While there has been progress in identifying factors involved in CRCI (psychological and sociodemographic variables or biomarkers and genetic predisposition), complementary studies, including work with animal models and neuroimaging, are needed to define precisely which factors predispose to a higher risk of cognitive impairment.

Translational research, including clinical, imaging, and animal models has improved knowledge about CRCI. Studies on animal models have helped identify neurobiological mechanisms, highlighting a strong translational role for animal models in this field. Neuroimaging studies have provided valuable insights into functional and structural brain regions and networks affected by cancer treatment. As imaging methods continue to develop, we expect these will aid in uncovering the biological mechanisms involved and identifying patients at high risk for cognitive decline.

Significant progress in the field has been made utilizing traditional neuropsychological tests and validated self-report measures of cognition. However, concerns have been raised about the sensitivity and specificity of traditional neuropsychological tests to detect the relatively subtle cognitive changes often experienced by cancer survivors. Some investigators are advocating the addition of tests based on cognitive neuroscience, which may be more sensitive and assess specific subcomponents of cognitive processes [129] with the use of more ecological tests.

There is limited high-quality evidence guiding how best to help cancer survivors with cognitive complaints. No pharmacological agents have been approved to reduce CRCI and, despite encouraging results with animals, none of the drugs examined in animal models have been subjected to clinical trials. For those with sustained impairment, or for whom impairment impacts daily function, referral to a neuropsychologist is recommended. Due to the association of cognitive symptoms with anxiety/depression, fatigue, and sleep disorders, it is essential to assess patients with CRCI for common symptom clusters and to treat these symptoms if present. The most promising strategy is likely cognitive rehabilitation but its impact on improvement in daily function remains unclear. Although only preliminary data are available, physical activity programmes could also be considered. More studies and especially robust clinical trials are needed to find adequate strategies of management of CRCI for routine oncology supportive care, to respond to demands and improve QoL of patients.

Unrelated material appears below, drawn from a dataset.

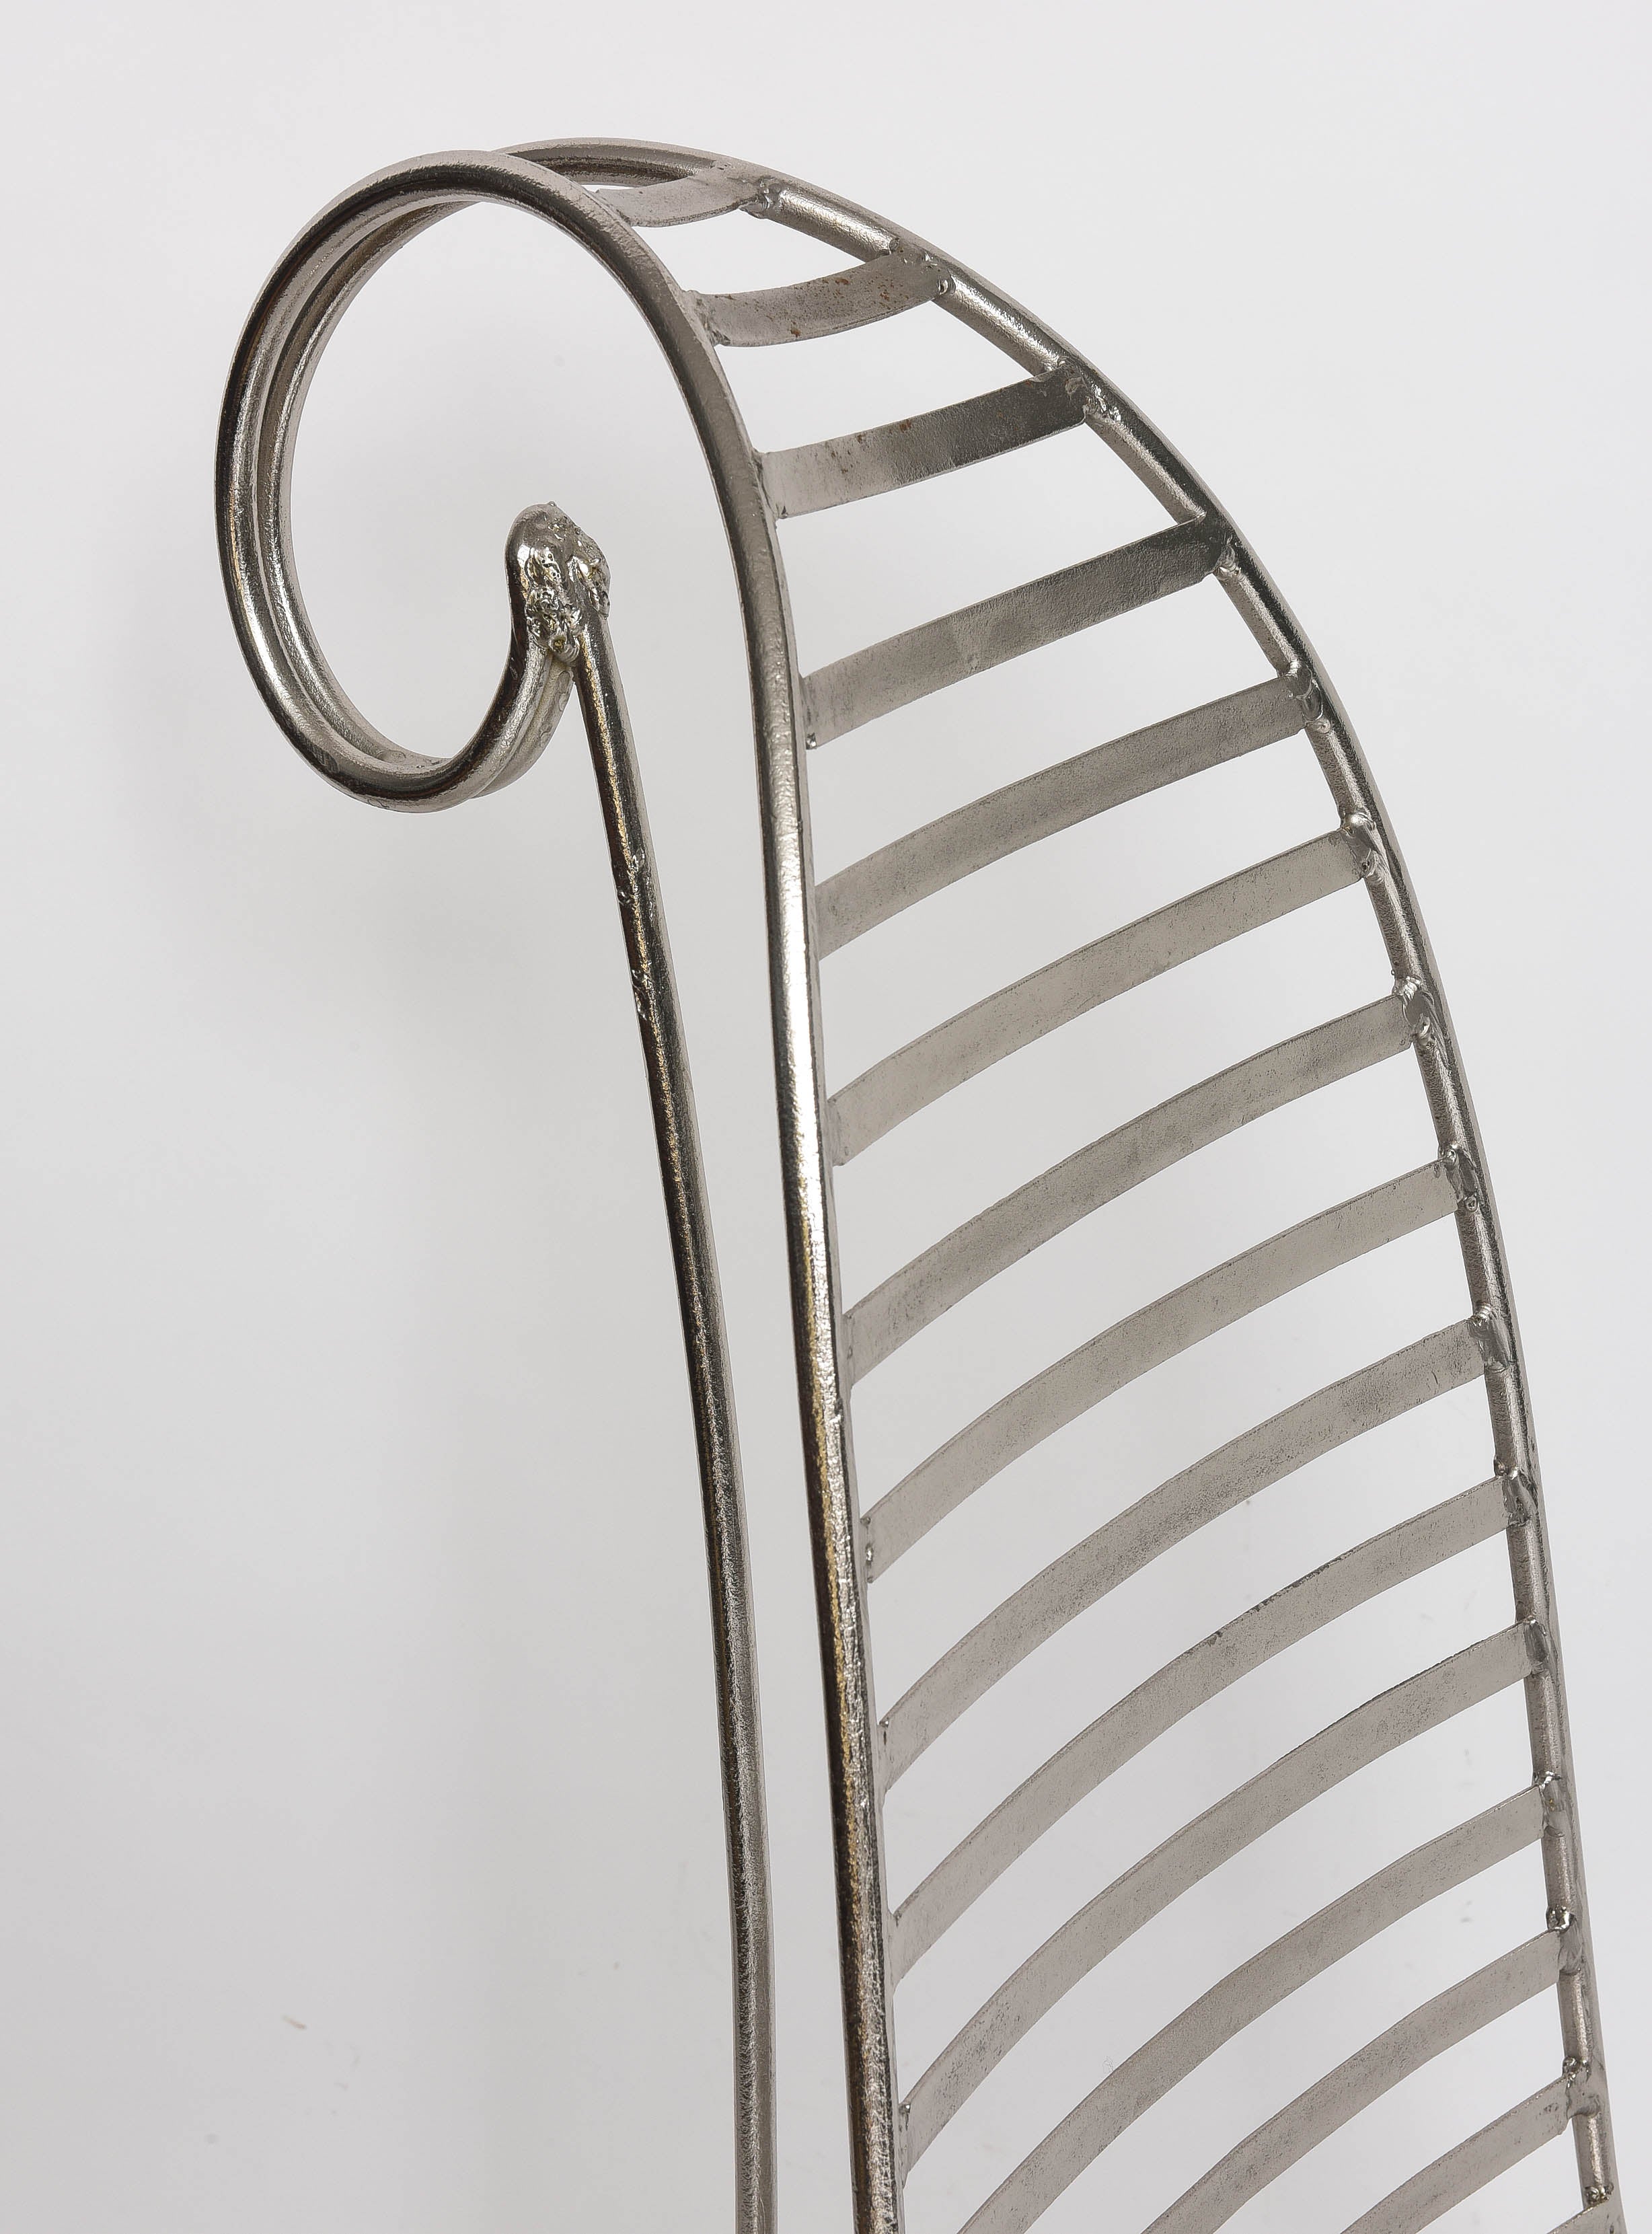 This attractive chromed version of the iconic spine chair by a follower of André Dubreuil was acquired in Miami in the 1990s.

Multidisciplinary cooperation between oncologists, neurologists, imaging researchers, and neuroscientists is encouraged to define mechanisms of CRCI and to optimise medical care and patients’ rehabilitation. Early detection of cognitive impairment is needed, especially in elderly patients who could be referred to an onco-geriatrician and/or neurologist to screen for cognitive impairment before and during treatment. Management of CRCI should be incorporated into clinical practice as for patients with neurodegenerative disease.